Bem, pela simples razão de que temos o Google Pixel 3 XL conosco há cerca de uma semana e não conseguimos realmente entender por que ele tem um entalhe naquela tela. E não estamos falando de estética aqui, mas de boa e velha funcionalidade simples. Sim, por todas as nossas percepções mistas sobre o entalhe do iPhone X (alguns de nós o odiavam, outros não achavam que valesse a pena a agitação), o que não podíamos negar é o fato de que a Apple forneceu alguma justificativa para sua existência. Fomos informados de que o entalhe permitia que o telefone tivesse bordas mais estreitas na parte superior e acomodava a câmera frontal, o alto-falante e uma série de sensores que permitiam não apenas tirar selfies, mas também desbloquear seu telefone de maneira segura.
Claro, já vimos telefones que podiam ser desbloqueados com um olhar no passado, mas esse sistema era, na melhor das hipóteses, duvidoso e muitas vezes secundário. A Apple, no entanto, fez dele o principal, praticamente arrancando o sensor de impressão digital do telefone e usando uma boa quantidade de tecnologia para garantir que o Face ID funcionasse efetivamente, mesmo na escuridão total. Não, não era perfeito e tivemos pessoas se alinhando para nos dizer como ele poderia ser enganado por um gêmeo idêntico (tudo o que você tinha que fazer era conseguir um, evidentemente), mas com o tempo, tornou-se parte da experiência iOS, tanto que as pessoas estão razoavelmente certas de que os novos iPads e iMacs também virão com isso.
Agora, pelo que podemos ver, uma parte significativa da concorrência Android tem se concentrado totalmente em tentar mudar a forma daquele entalhe, tratando-o exatamente como a Apple NÃO fez (e os escritores de tecnologia fizeram) – um fator cosmético.
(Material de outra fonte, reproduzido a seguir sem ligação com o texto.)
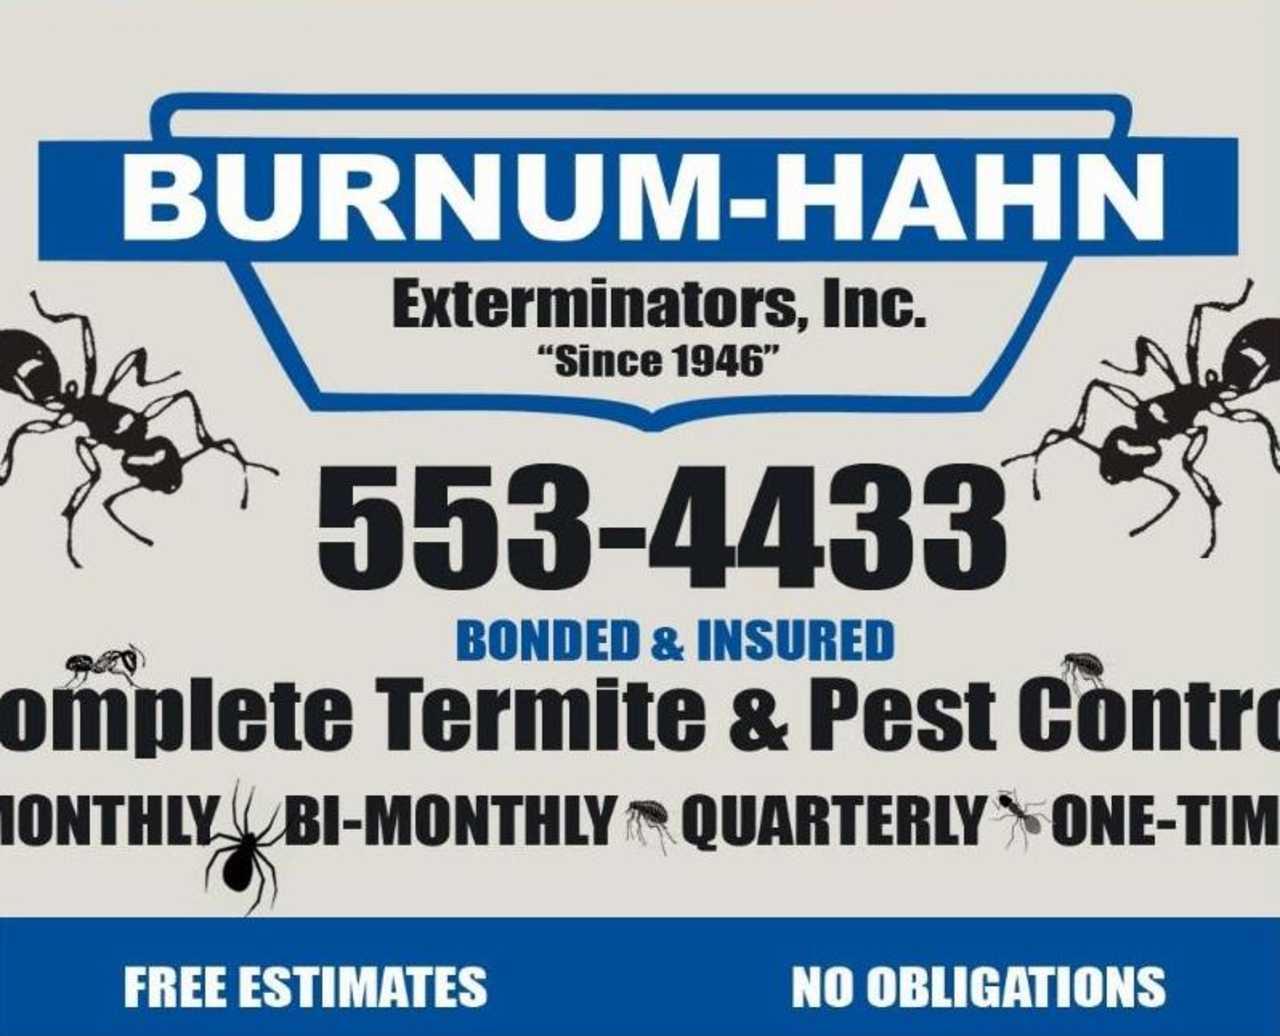 Burnum-Hahn Exterminators, Inc - Services - Pest Control Services in Tuscaloosa AL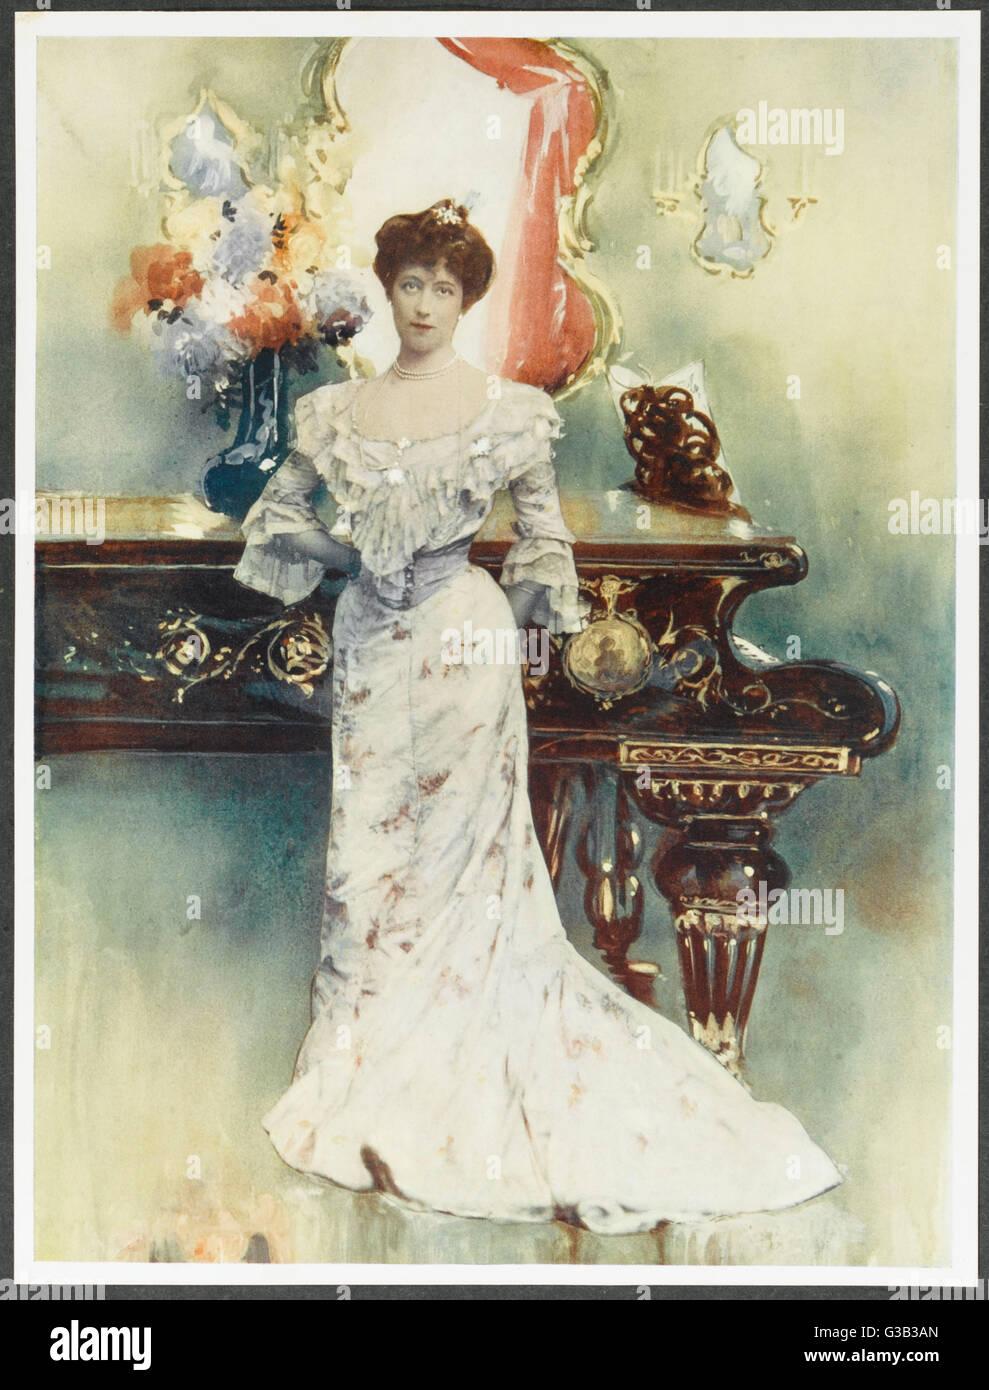 ELLIS JEFFREYS  Actress in  'The Sacrament of Judas'       Date: 1868 - 1943 - Stock Image

Temos telefones que afirmam ter entalhes menores, entalhes em forma de gota e, claro, há aqueles que insistem que estão tão dedicados a desafiar o entalhe que colocarão novos mecanismos em seus telefones, desde displays que deslizam para cima até câmeras que surgem, apenas para garantir que permaneçam livres de entalhes (a Samsung, no entanto, merece crédito por se manter firme em manter as coisas simples a esse respeito). Houve algumas inovações notáveis, notavelmente som que vem de dentro do display em vez de alto-falantes distintos e displays que atuam como scanners de impressão digital, mas no momento da redação, ninguém realmente usou o entalhe com a eficácia que a Apple tem. O Face ID continua sendo um pouco duvidoso na maioria dos dispositivos Android, que ainda insistem em usar impressões digitais para a maioria das transações, e a maioria nem lida bem com o desbloqueio facial no escuro.

No entanto, o dispositivo que muitos consideram o carro-chefe definitivo do Android (ei, o Google o fez), o Pixel 3 XL reflete a confusão na abordagem do Android em relação às “guerras do entalhe”. Muito foi escrito sobre quão feio é o grande entalhe em seu display, então ele não pontua em estética. E enquanto acomoda um alto-falante e duas câmeras frontais, não vem com nenhum desbloqueio facial. O que reduz sua razão de ser apenas um meio de adicionar alguns mm ao display e reduzir algumas bordas. Temos certeza de que algum tipo de desbloqueio facial estará chegando ao Pixel 3 XL nos próximos dias, e ei, o telefone tira algumas ótimas selfies. Mas no momento da redação, aquele entalhe é apenas um cortador de borda que abriga a câmera.
E mesmo enquanto isso acontece, acredita-se que a Apple esteja trabalhando para adicionar mais sensores ao entalhe em seus dispositivos, tentando coletar mais informações de forma mais precisa, permitindo que você não apenas desbloqueie seu dispositivo de forma mais segura, mas também avalie sua saúde detectando padrões de respiração e mudanças de coloração. E se isso não contar a história do entalhe nos telefones e como os jogadores do Android estão perdendo a trama sobre isso, nada mais contará.
O entalhe não é sobre estética, mas funcionalidade. Sua forma e tamanho não são nem metade tão importantes quanto o que ele adiciona à experiência do telefone.